Start to finish, print the data below exactly, without the images.

- [Provided data]
------------
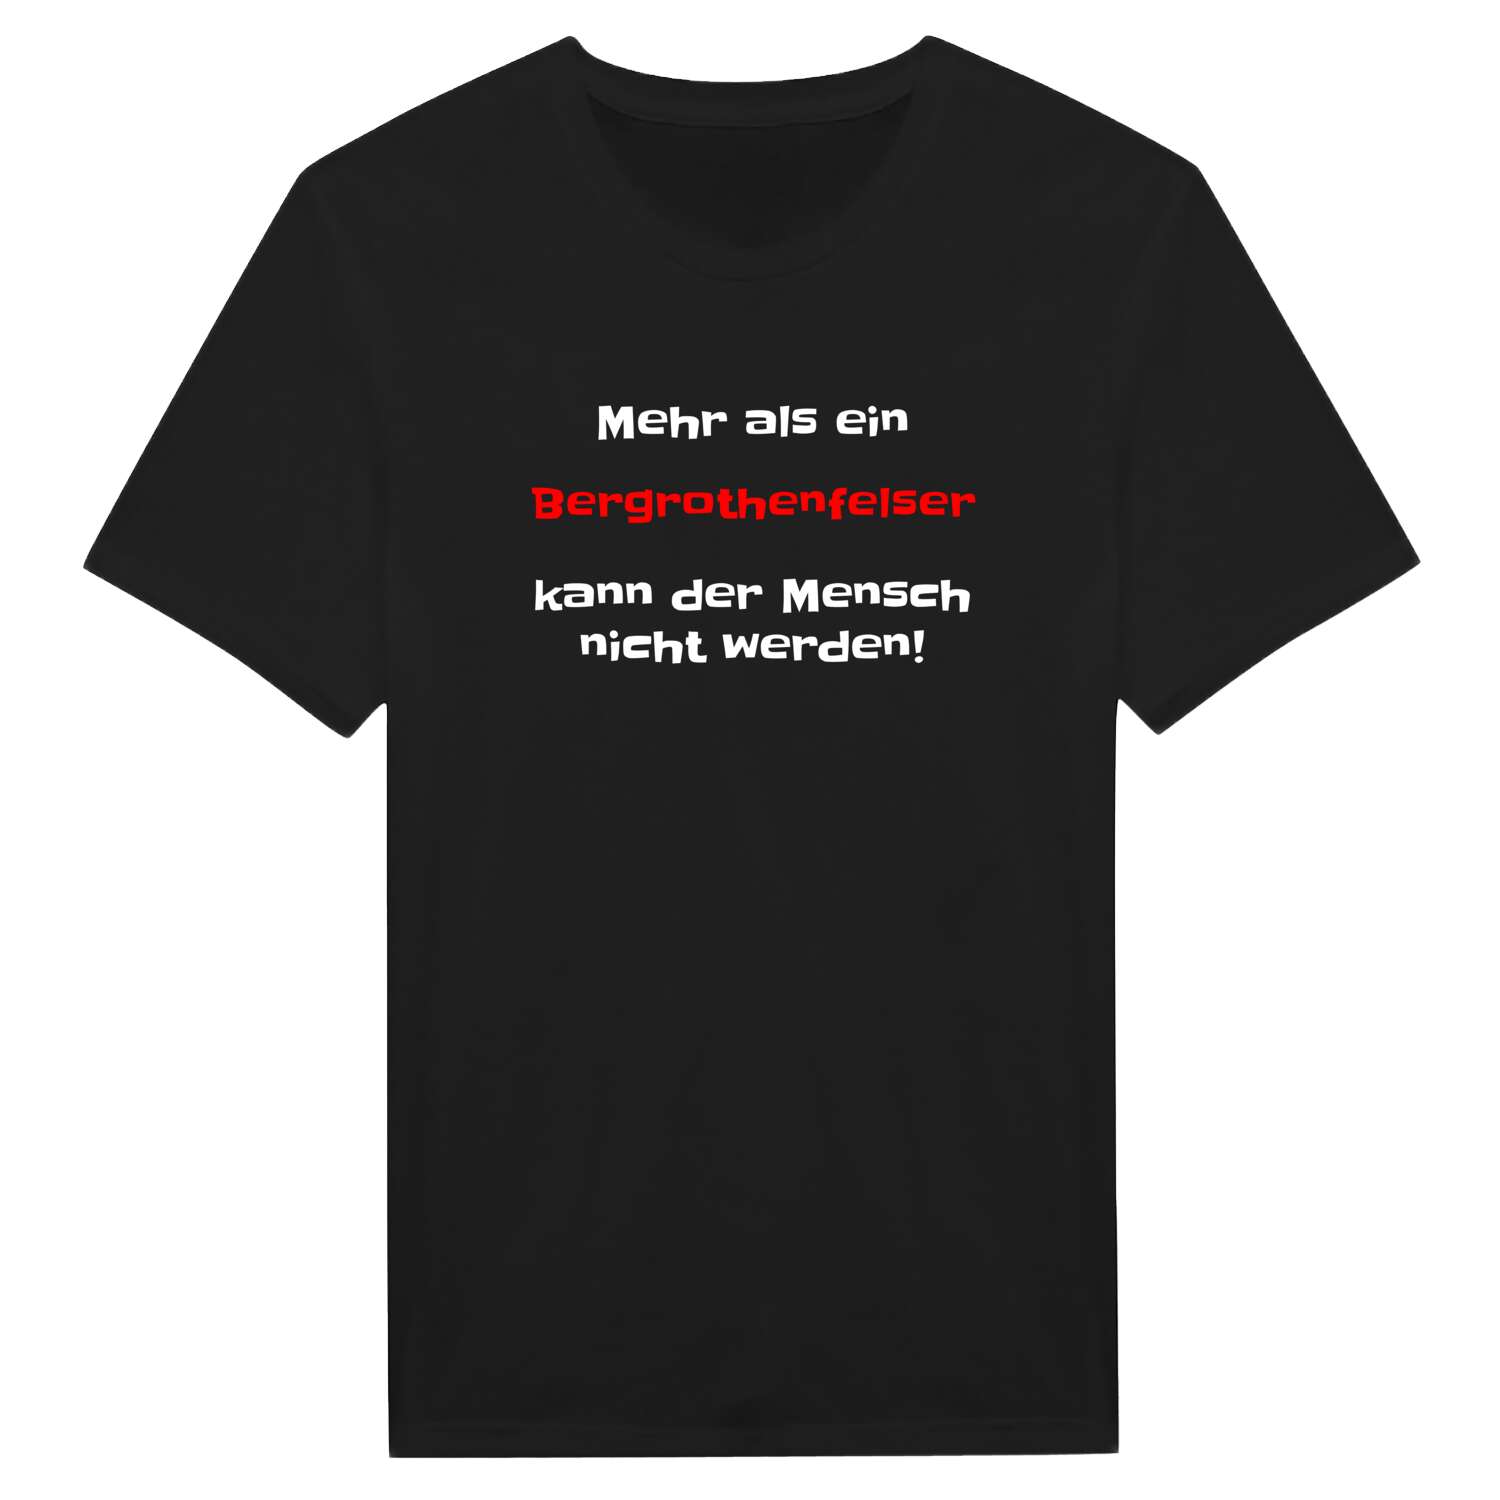 Bergrothenfels T-Shirt »Mehr als ein«
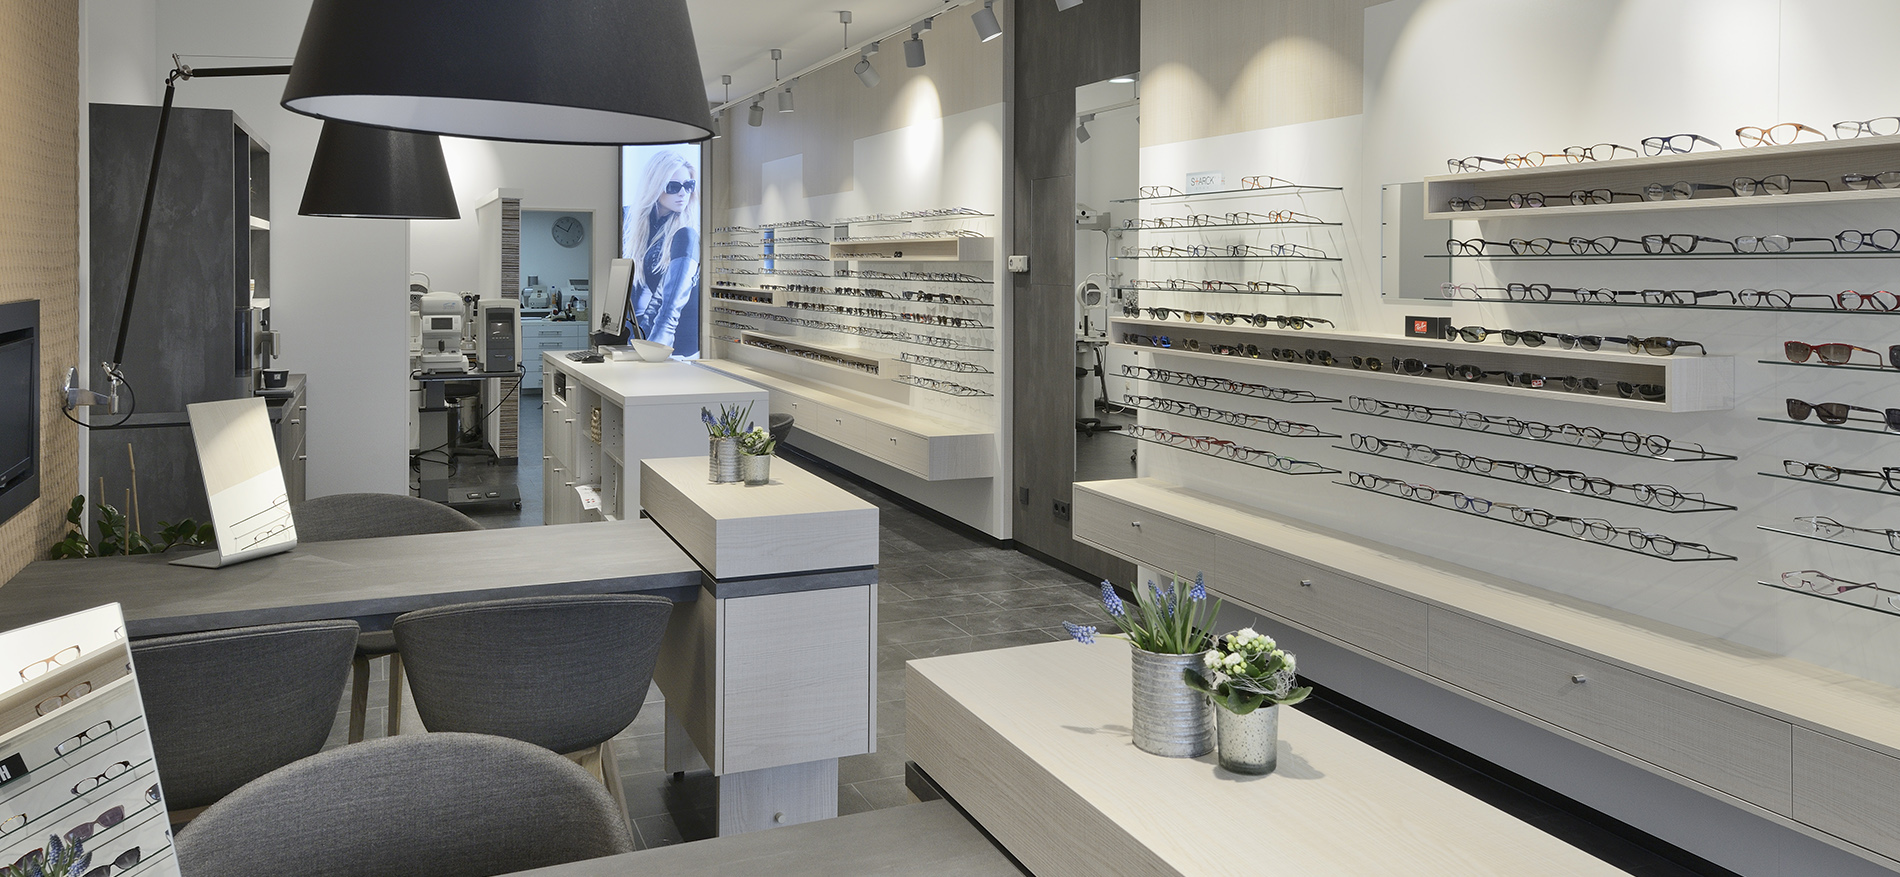 Klöckner Optik fully renovated shop interior - Optician
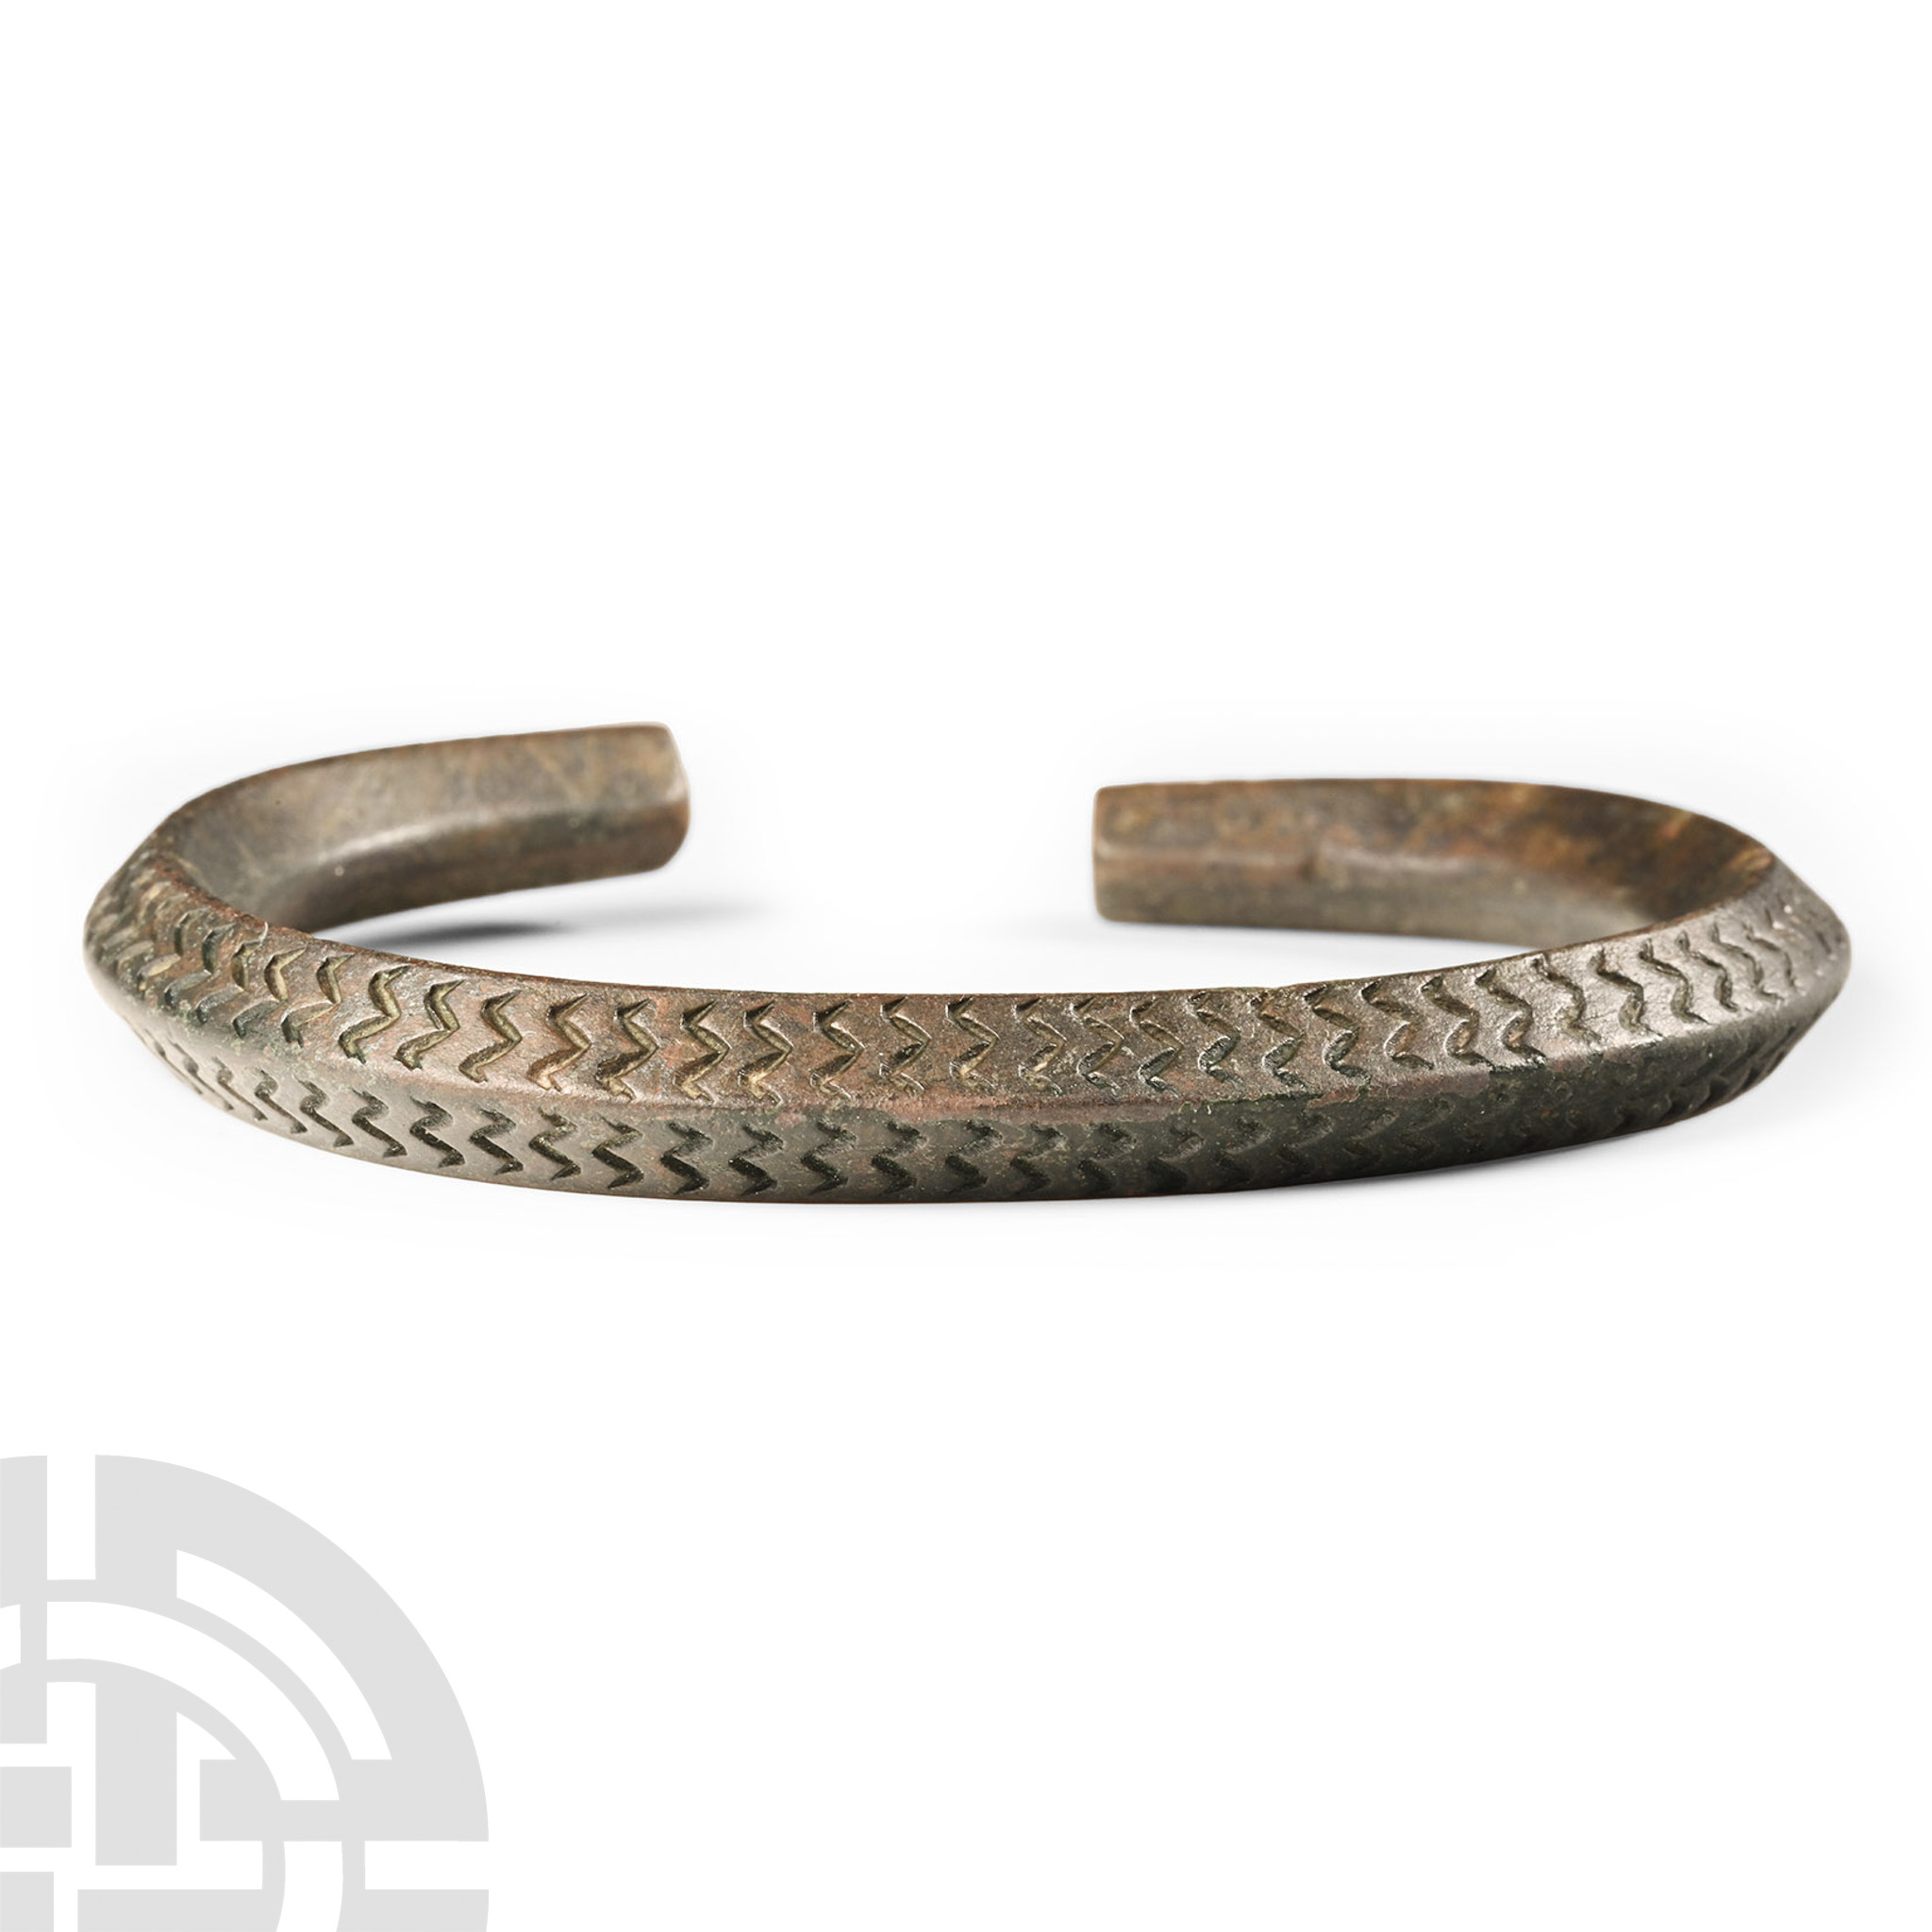 Viking Age Bronze Decorated Bracelet
------------
- [Output below]
 Bergrothenfels T-Shirt »Mehr als ein«
 Klöckner Optik fully renovated shop interior - Optician
 Viking Age Bronze Decorated Bracelet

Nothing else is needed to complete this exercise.